Today, we have the pleasure of hosting Beau Butaud, the Risk and Compliance Manager at Moss Adams, a seasoned pro with five years of experience in the risk and compliance realm.

Now, SecuriTea time is all about diving into the captivating tales of folks in the world of risk and compliance. We've got people from diverse backgrounds, and let me tell you, uncovering their stories is not just a blast but incredibly insightful too!

It's not every day that we get the chance to chat with an auditor and get the inside scoop on their world. So, let's sip some tea and get ready for a conversation that's as refreshing as it is enlightening.

You can listen to the complete podcast here.

https://youtu.be/JqW0-i4q4ac

Now, let's jump straight into this exciting episode of SecuriTea Time.

Nicholas Muy: So let's get started!
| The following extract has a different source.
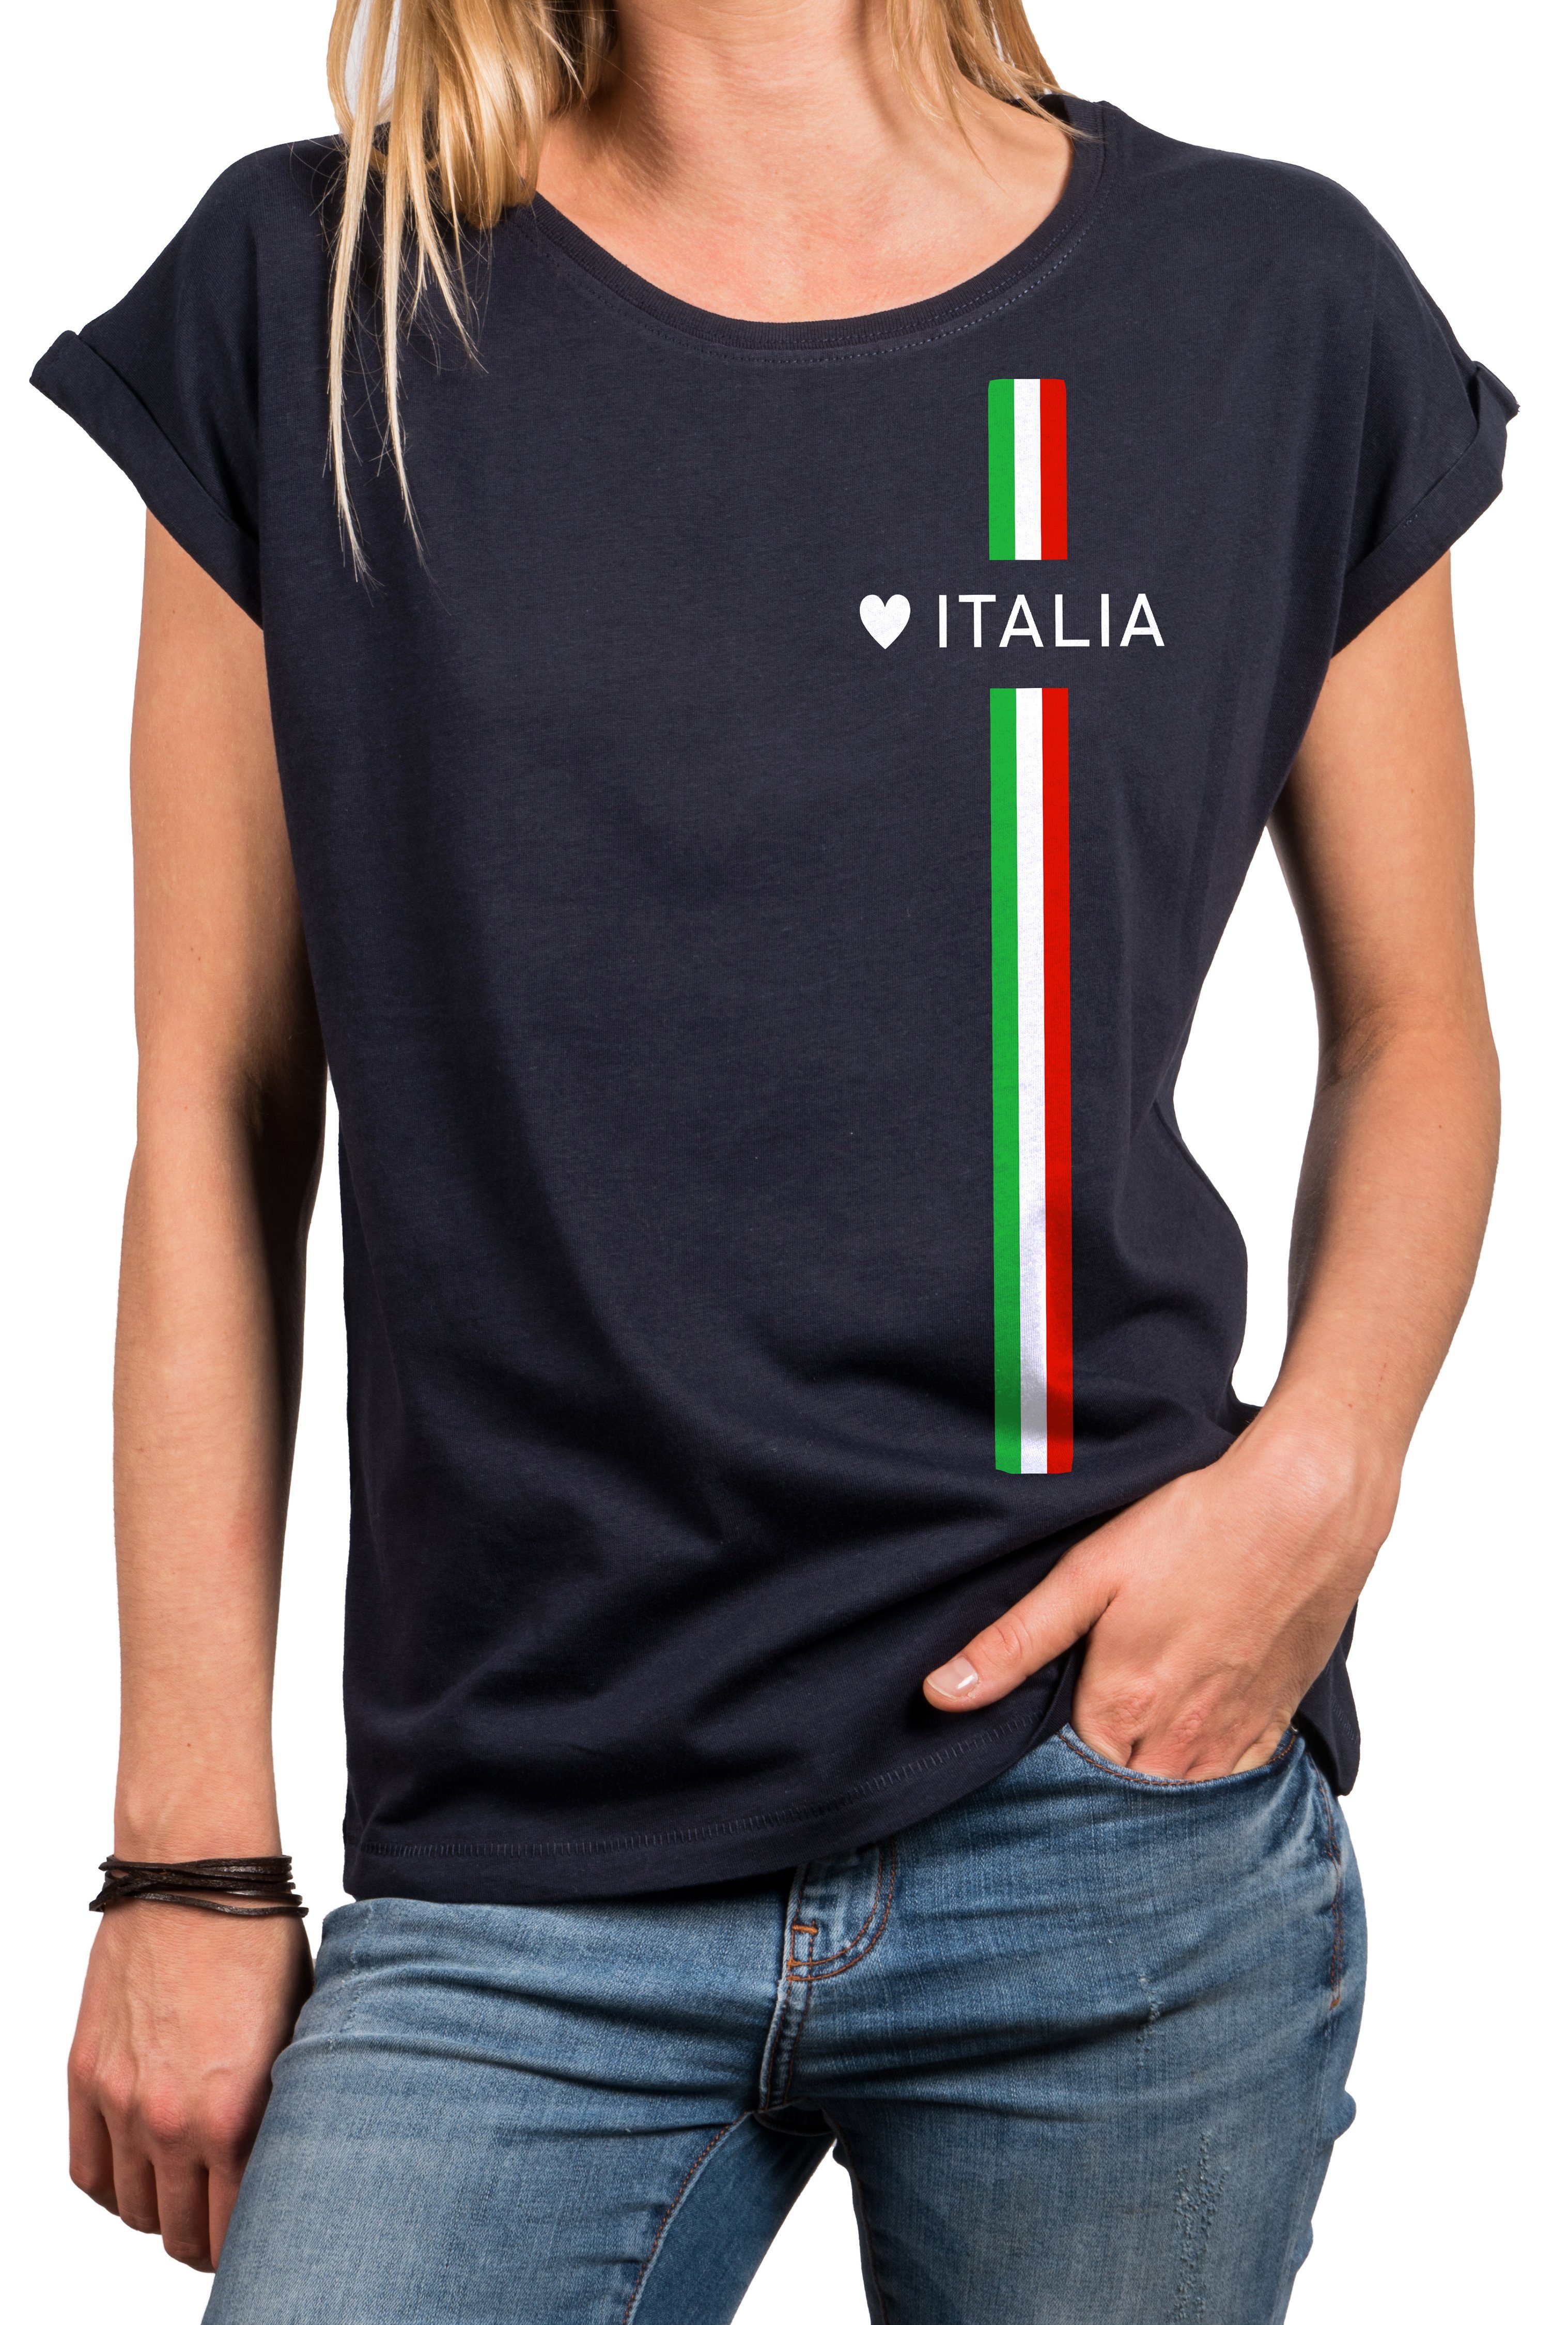 MAKAYA Print-Shirt Damen Italienische Mode Italia Top Italien Trikot Herz Italiano Style Kurzarmshirt, mit Druck Blau

Give us a little background on how you got into the illustrious space of the IT auditor.

Beau Butaud: I pursued accounting in college primarily as a means to secure employment, and it proved successful when I landed a job at a local Seattle accounting firm specializing in financial statement audits. I found this work appealing and continued for a year or two.

However, an opportunity arose within the same firm to join their newly formed Risk team, which focused on technology-related audits. Given the rapid growth of the tech industry compared to the more stable financial clients of an accounting firm, I saw this as a promising opportunity.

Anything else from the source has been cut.